A Different Perspective

By Anne L. DeCicco cae cmp ecam
aldecicco@aol.com

If physicians gave out "frequent patient" cards, I would have filled many during the past year. My list of specialists is longer than my holiday card list. I have made so many trips to doctors and hospitals that if physicians gave away air miles I would be eligible for an around-the-world trip.

During the past year I have had to force myself to become, in some ways, a different person. It hasn't been easy. None of us like giving up control of our personal lives -- what we do, when we do it, how we do it, and so forth. I have had to do just that, letting the medical world direct my own, and I wasn't very good about it. In fact, I am a terrible patient.

But, I learned some important lessons along the way that have application in my work and, I think, in yours, too. First, one cannot take anything for granted, change is the blink of an eye away. This the travel goods industry learned on September 11th. This I learned with a shocking medical diagnosis. How does our thinking change as a result of these experiences? Are we prepared to make quick right turns to meet life's changes that come faster and faster?

The second lesson I learned is to take nothing for granted. As unbelievable as it may seem, there have been times when I was given a different answer to the same question from each of the three or four specialists. As a result, I have had to force myself to accept more responsibility for finding information on my own, digesting it, and making my own decisions.
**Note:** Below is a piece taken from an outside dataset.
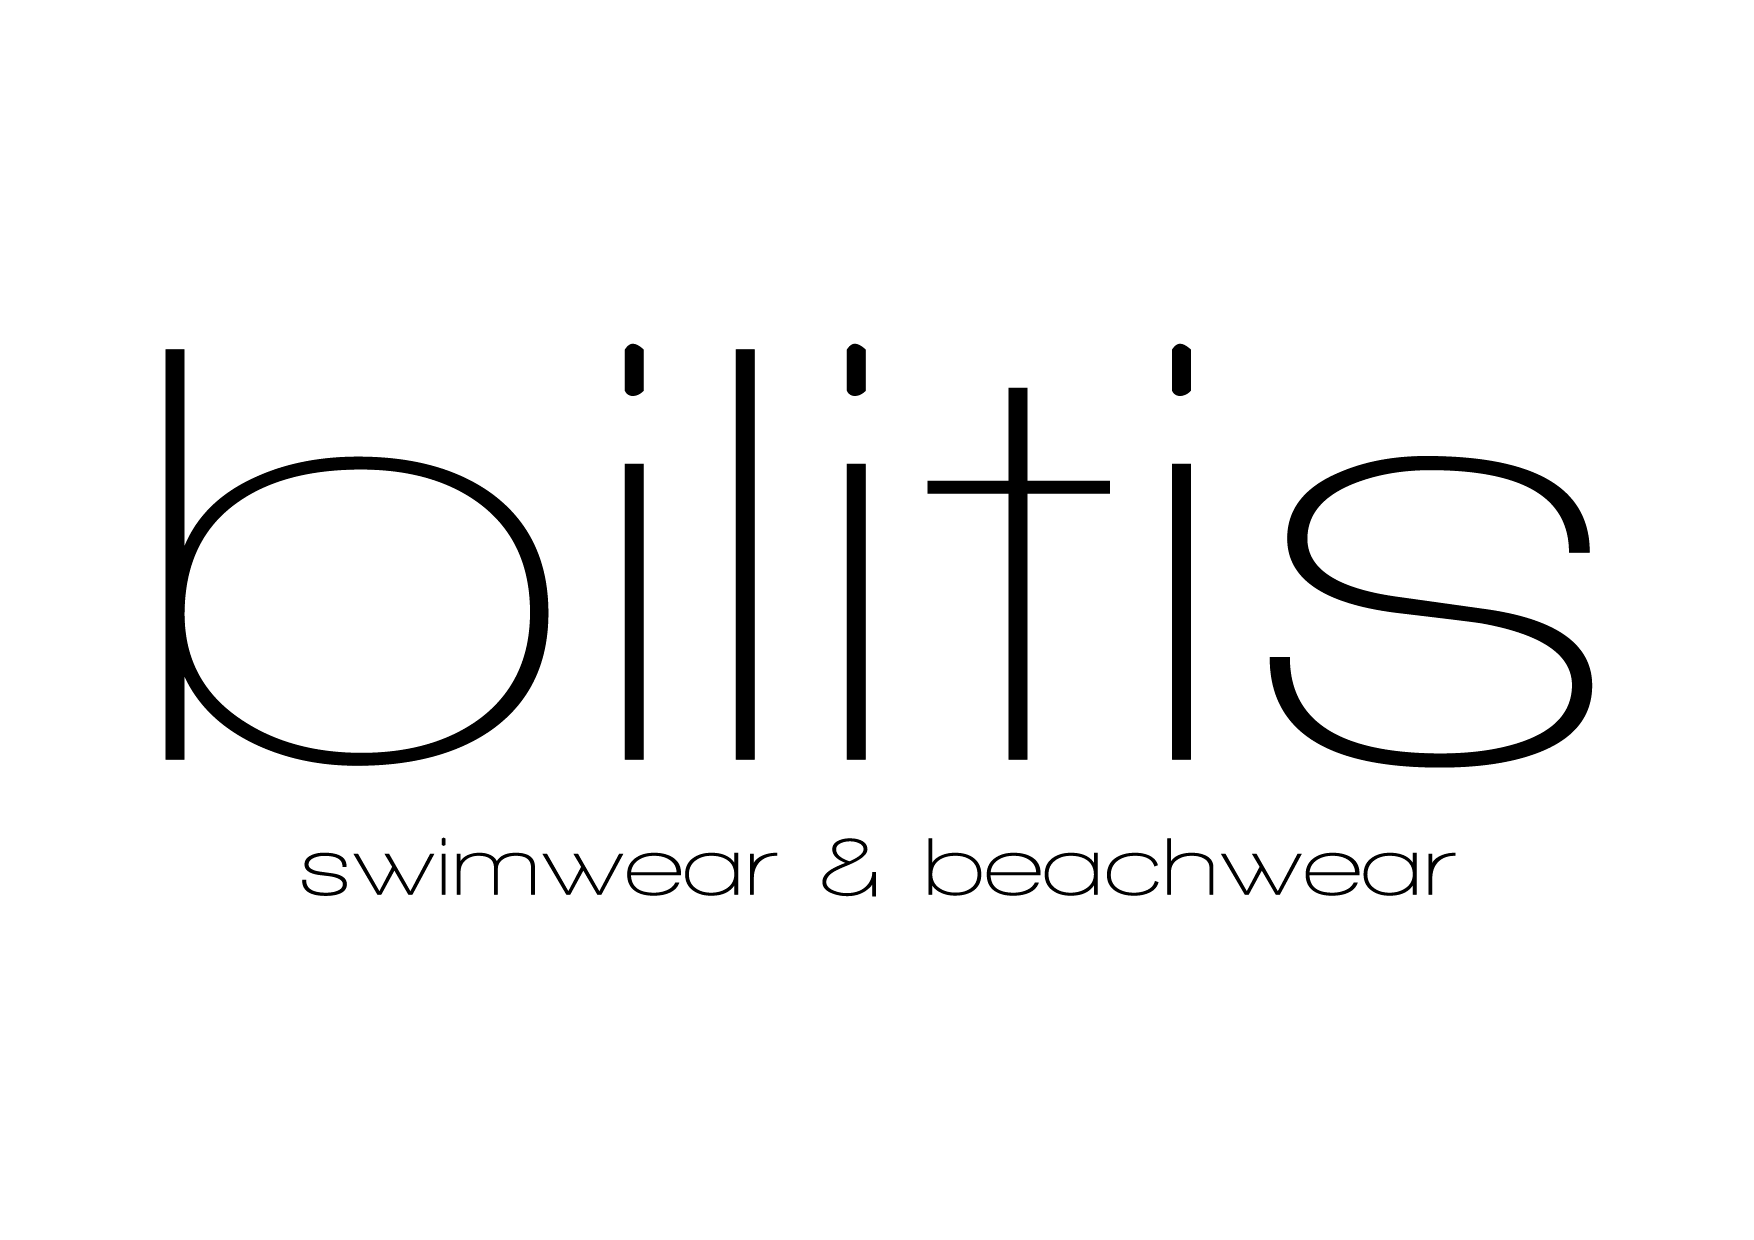 bilitis-LOGO-01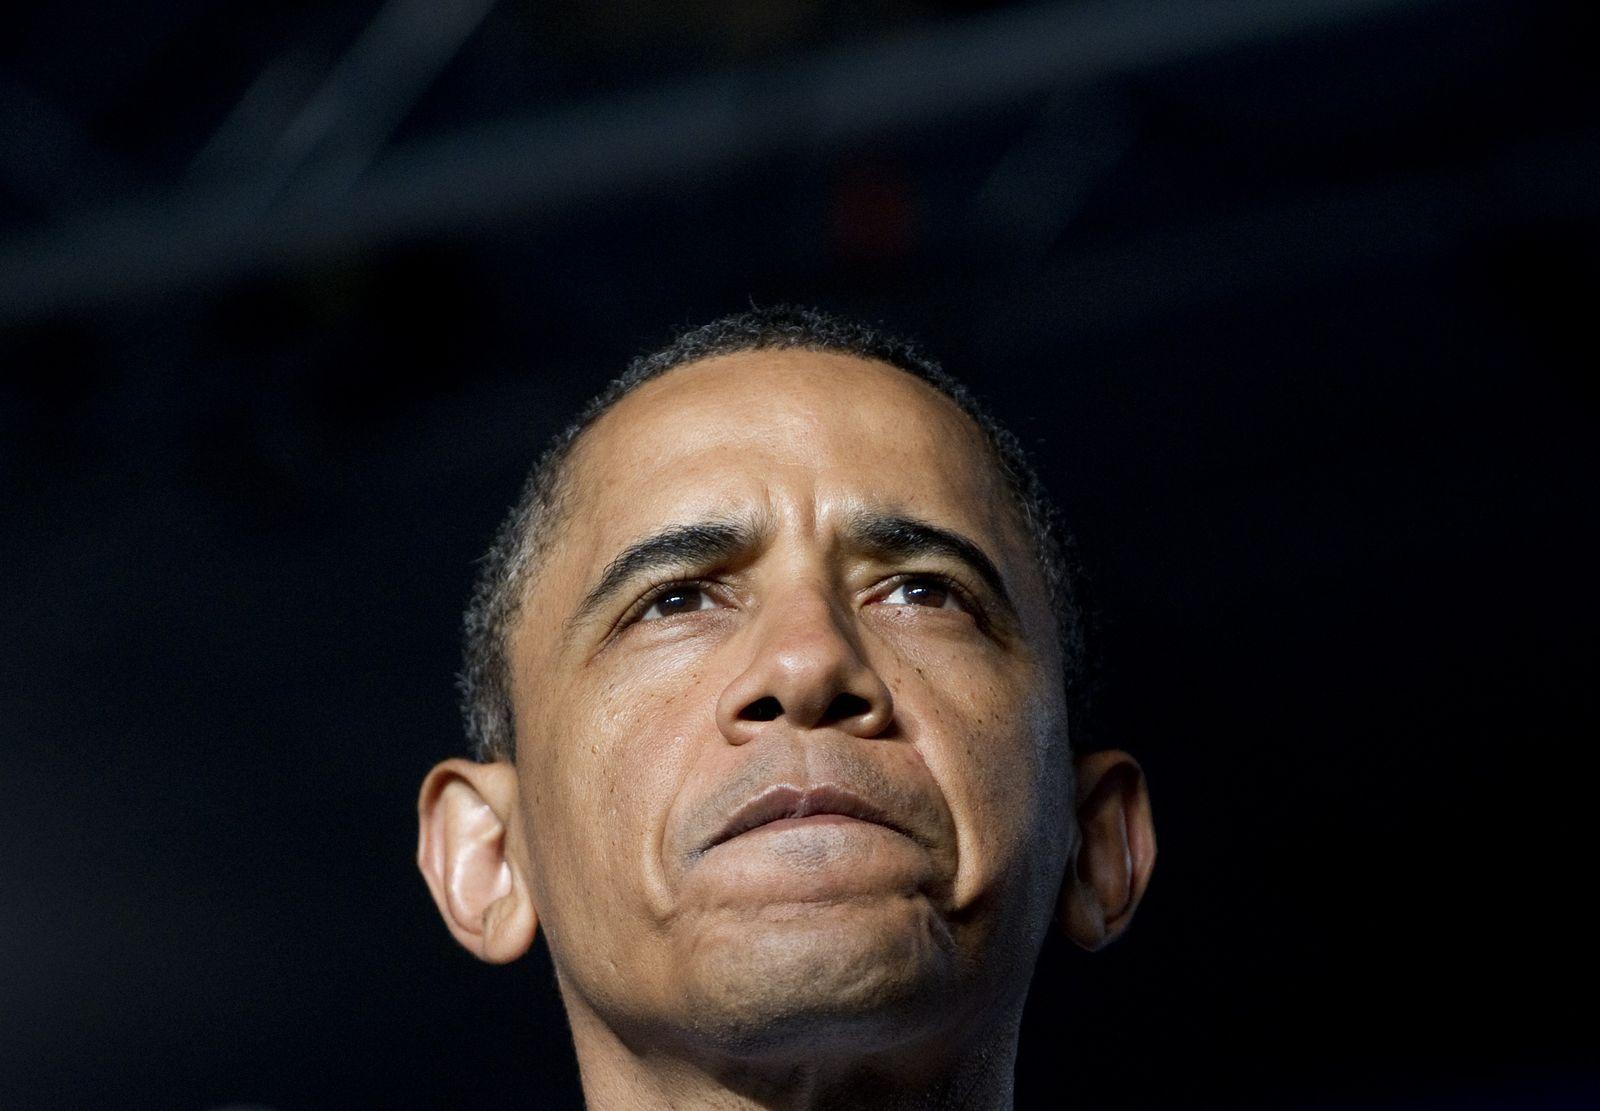 obama guckt skeptisch

In our business, I can't tell you how much of my office time is spent dispelling rumors about everything from another store going bankrupt, to manufacturers going out of business, to unpleasant and untrue comments about people in the industry. Unfortunately, one of the strengths of this industry is its ability to spread a rumor all the way to China in a matter of hours. How much better would we feel about ourselves as an industry if the messages we spread were true and positive ones!

Third, although I might consider myself, as a patient, to be a "frequent customer" and deserve some recognition (maybe a fee reduction?), the medical field doesn't yet equate patients as customers. Doctors and hospitals are both guilty of that. My health care travails have made me do a lot of thinking about what I see when visiting travel goods stores. As a result, one of my goals for this year is to renew my focus on how the travel goods industry thinks about its customers and treats them. Why do customers come into our stores and why do they return? Travel Goods Week will be a perfect time to start a new emphasis on customer appreciation and retention.

Fourth, the time I have been forced to spend on things other than TGA has been the hardest lesson with the biggest reward. I love my job and before my illness it was the priority in my life. In recent months I have readjusted my priorities and learned that I can accomplish even more on the professional side by spending more time enjoying the personal side of my life. How easy it is for all of us to become so wrapped up in our professional life that we miss a great new movie, a book by a favorite author, a child's lacrosse game, the smell of fall leaves and fireplaces, and spring flowers poking through the snow. Yet, each of these personal experiences better equips us to think and act differently and perform better in the workplace.

Something or someone has to shake you into making the changes you know in your heart you need to make. I encourage you to step back from the trials of your store or company on a regular basis and take a fresh look. And, I urge you to come to the Travel Goods Show this year and make that your Day One of approaching how you conduct your business in a new, profitable and rewarding way.